Echinocereus viridiflorus in flower Epiphytic Cacti and Succulents


These plants have been much neglected of late, despite their having the largest and most spectacular flowers in the cactus world (perhaps even the best flowers of any flowering plants). This neglect is probably due to the amount of space required for some of the plants in the past. This no longer holds true as many new varieties have been bred in recent years which are much smaller growing, and many basket varieties with a superb flower colour range are now available.


Full light from August - May. In summer slight shading is preferred - not too heavy or flowering may be reduced. A south-east window sill should be suitable for summer. A bronze tinge to the stems is normal but if most of the stem is coloured rather than green then the plants may be receiving too much sunshine.
To be safe, keep above 40 deg. F.(4 deg. C.) in winter. Nearer 50 deg. F. (10 deg. C.) is better in the spring (March) when the buds are growing.
Most orchid cacti are however very tolerant and can stand much lower (some down to just above freezing) and much higher temperatures than these.


This can be varied according to the ingredients available. The most important points are -
a)Neutral to slightly acid soil
b)Compost wets easily and drains easily and stays moderately moist for some time after watering.
A suggested compost to meet these requirements is (by volume):
1. Well - rotted leaf mould (oak is best) 60%
OR A mix of half moss-peat and half Sedge-peat 60%
2. A good loam 20%.
3. Sharp sand or Perlite or cat-litter 20%


The most important thing is that the compost should never dry out completely.
Keep plants just barely moist in winter.
Water well during the spring & autumn main growing periods, allowing the top 1/3 rd of the compost to dry before watering again.
Give the plants a little less water after flowering, when they appreciate a little rest.
During the hot, dry summer months, gentle misting is beneficial. Rainwater is best, cold tea second and tap water only as a last resort.


With this compost some feeding will be beneficial when watering. I recommend any feed suitable for tomatoes (i.e. low nitrogen, high potash).
I feed every third watering during the spring and summer.


Flowers should form on 2 -3 year old-plants. I recommend restricting the size of pot for maximum flower production. Orchid cacti with one or two cuttings per 6 inch or 8 inch pot can be kept at this size, and root bound, indefinitely. With mature plants, some of the old, marked stems should be cut back within six inches of the pot to encourage fresh growth and thus healthier and better-looking plants.

Other Epiphytic Cacti

The same cultural conditions as given above apply to the following plants. The only difference is that a little more light should be given than recommended for Epiphyllums.
Other epiphytes worth growing include Heliocereus, Selenicereus (Queen of the Night), Aporocactus (Rat's Tails), Nopalxochia, Disocactus and Rhipsalis.

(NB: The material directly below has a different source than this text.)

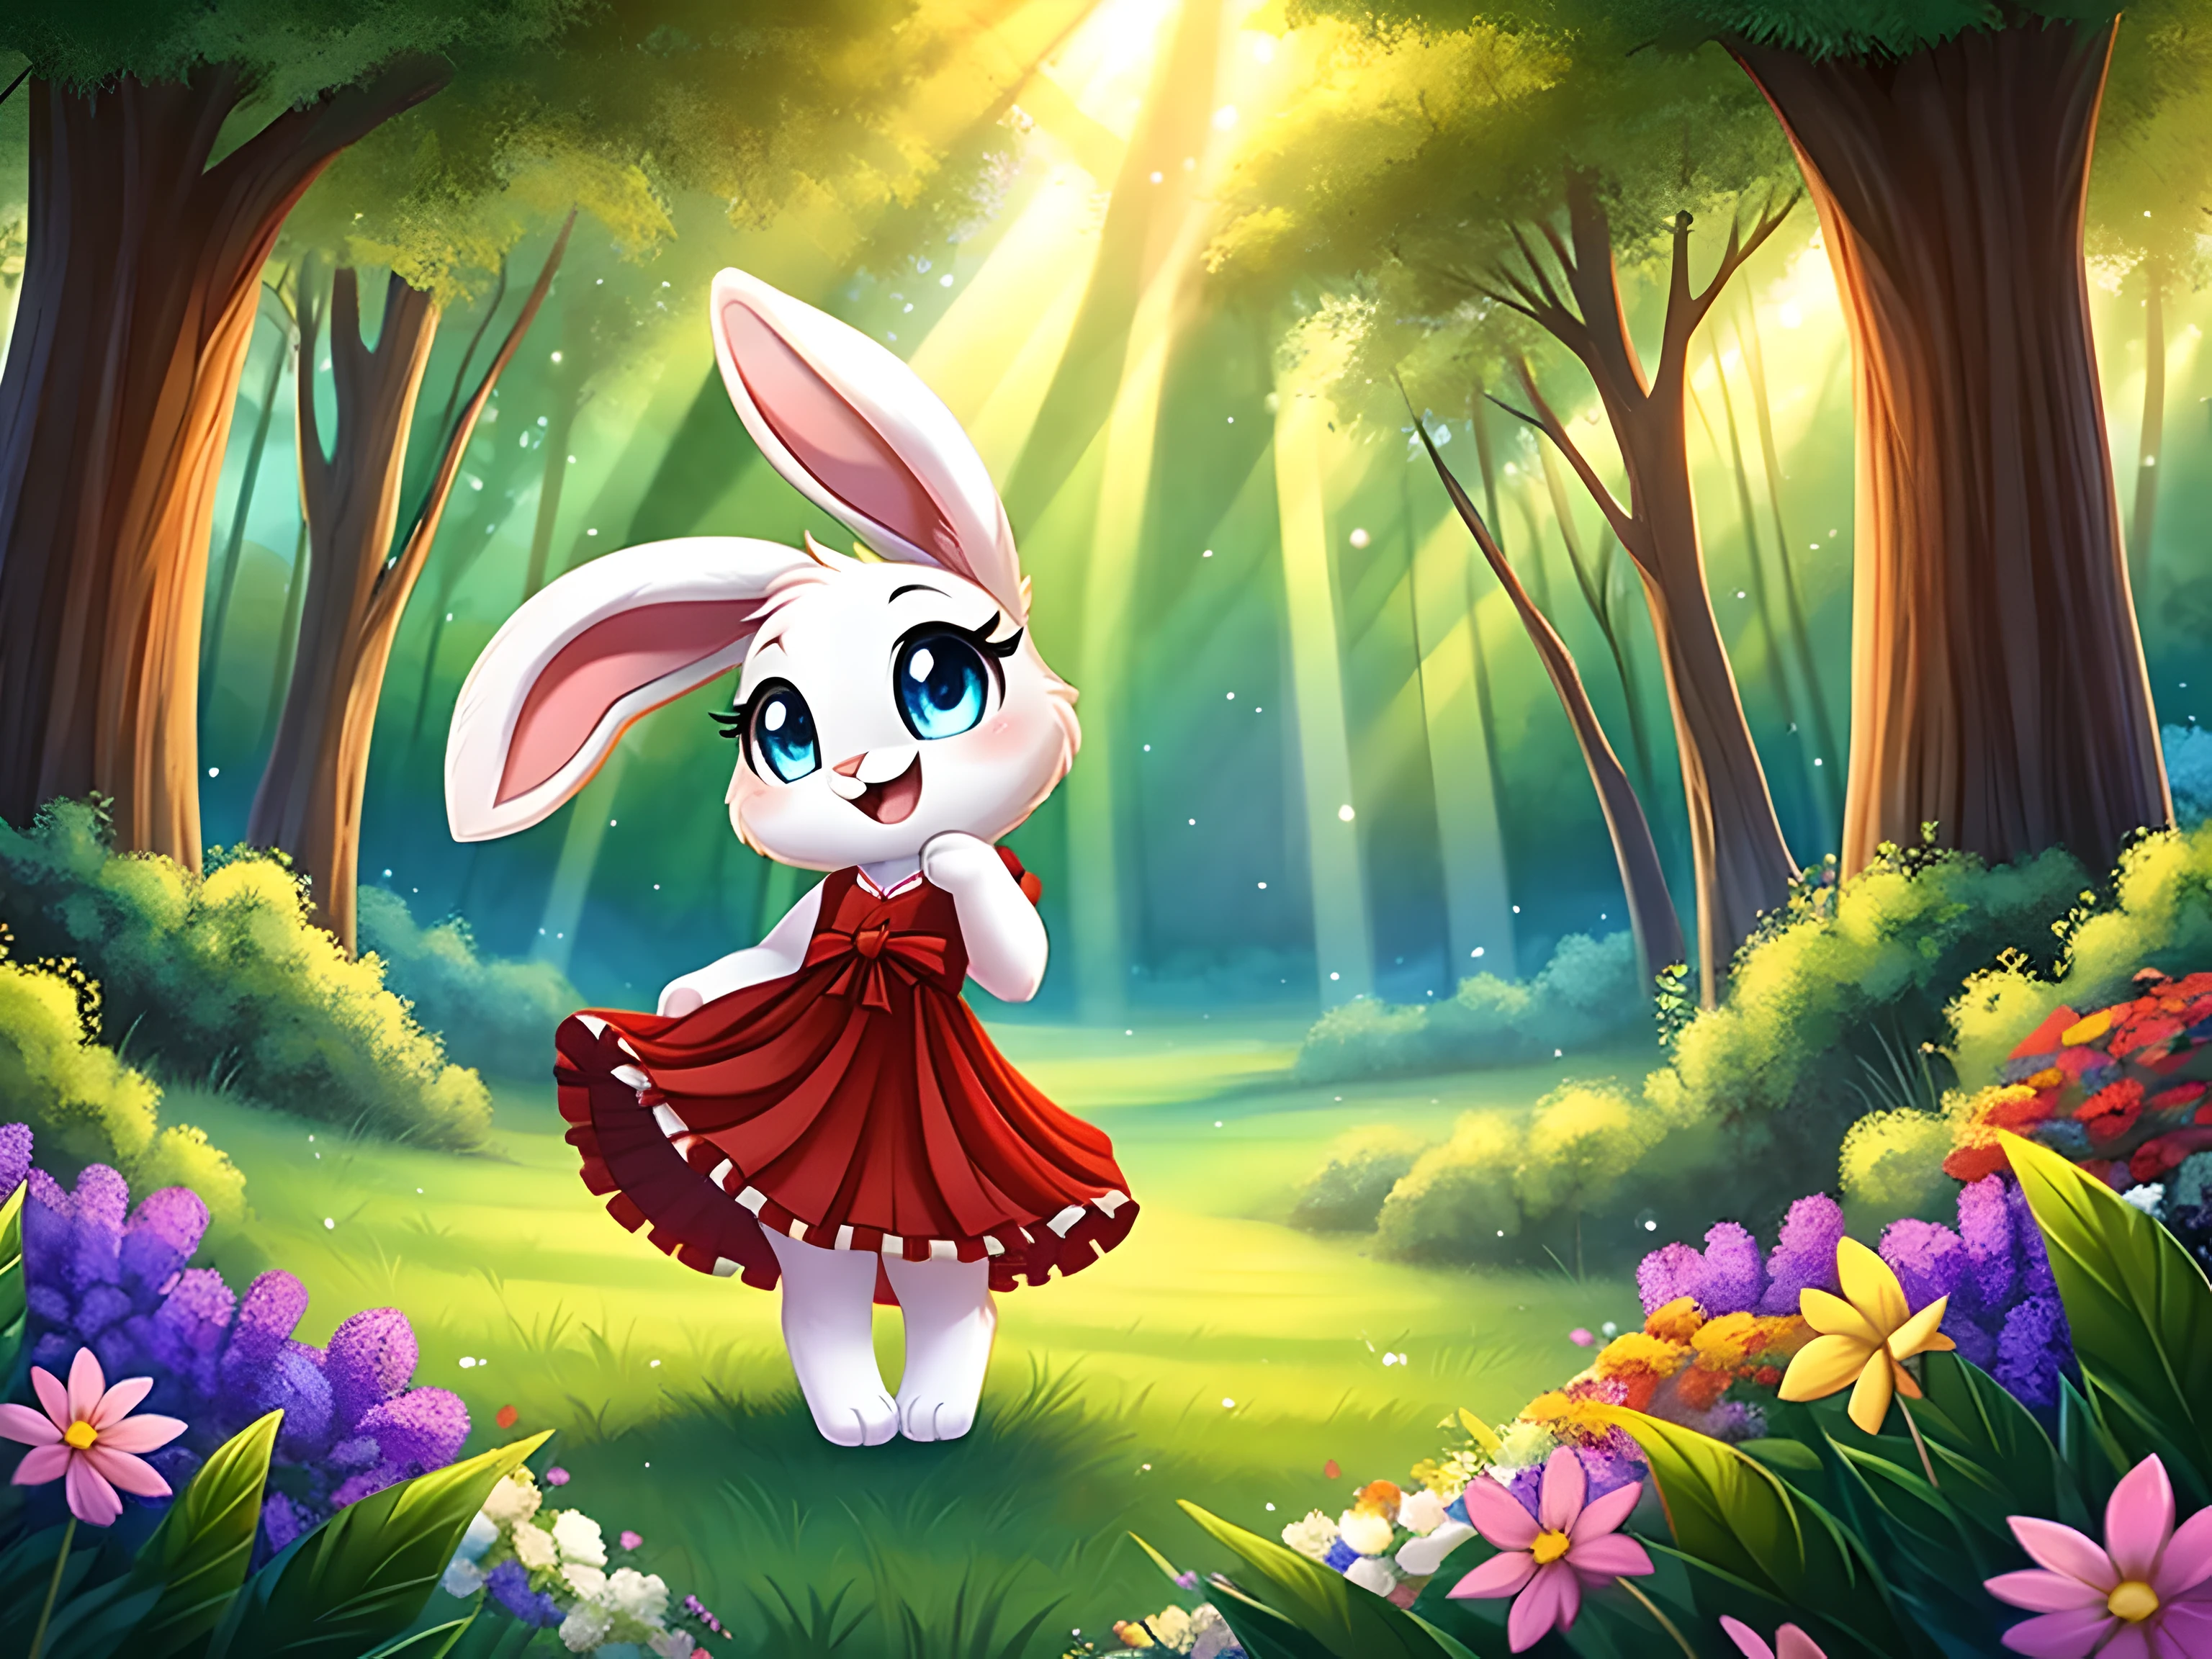 zoomed out image, cute style art, fantasy style art, cute, adorable, short character, small, tiny little fluffy female white bunny with blue eyes, 4 ears, 2 extra ears, big floppy ears, long ears, ears perked up, raised ears, long eyelashes, poofy rabbit tail, wearing a red frilly ribbon dress, smiling, standing in a colorful fantasy forest, soft tones, big expressive smile, open mouth, wide eyes, excited eyes, excited face, stunning visuals, sunlight coming through the trees, flowers scattered in the bushes, butterflies in the air, digital illustration

The Easter Cacti are now known as Rhipsalidopsis or Hatiora.
These produce their flowers in April and May, lasting for about six weeks, and will sometimes flower again in the autumn also.
Cultivation is as for the Epiphyllum above, except that they should be kept cooler during the resting period from October until the buds become visible in the spring. Watering and feeding are then gradually increased and continued until late autumn.
Easter cacti are more prone to segment drop on drying out than other epiphytes when watering is not regular.


Christmas cacti are probably the best known and most popular houseplants in the world. They are popular because they are so easy to grow in the house and produce many flowers at a time when flowers are rarely seen.
Today, the Christmas cacti we see in the shops (- their Latin name is now Schlumbergera although they used to be called Zygocactus ) are all cultivars (horticultural hybrids) obtained by crosses ( or chance "sports") between the recognized nine species discovered in the wild.

Cultivation as for Epiphyllum above.
To guarantee flowering - Christmas cacti are "short day/long night” plants. They will only start to produce their buds when dark winter nights are longer than 13 hours. They must therefore be put somewhere where they get "natural" long nights
To overcome this problem, plants can be put outdoors from August to mid-September (in a shady place), or in any room not used for long periods at night. Once buds are visible, plants can be returned to their usual position in the house, and will develop flowers normally, whatever the light regime.

Plants will tend to flower more freely if tightly potted, so don't use too-large pots.

Temperature - Varieties vary, but most will flower at Christmas if kept at 50 to 55 deg. F (10 to 12 deg. C) from September to December. Kept at their advised minimum of 40 deg. F (5 deg. C) some may not flower until February.

To obtain pure flower colours with the white & yellow cultivars a minimum of 60 deg. F (14 deg. C) is needed (only from bud-set until flowering!) otherwise they will be tinged pink or orange.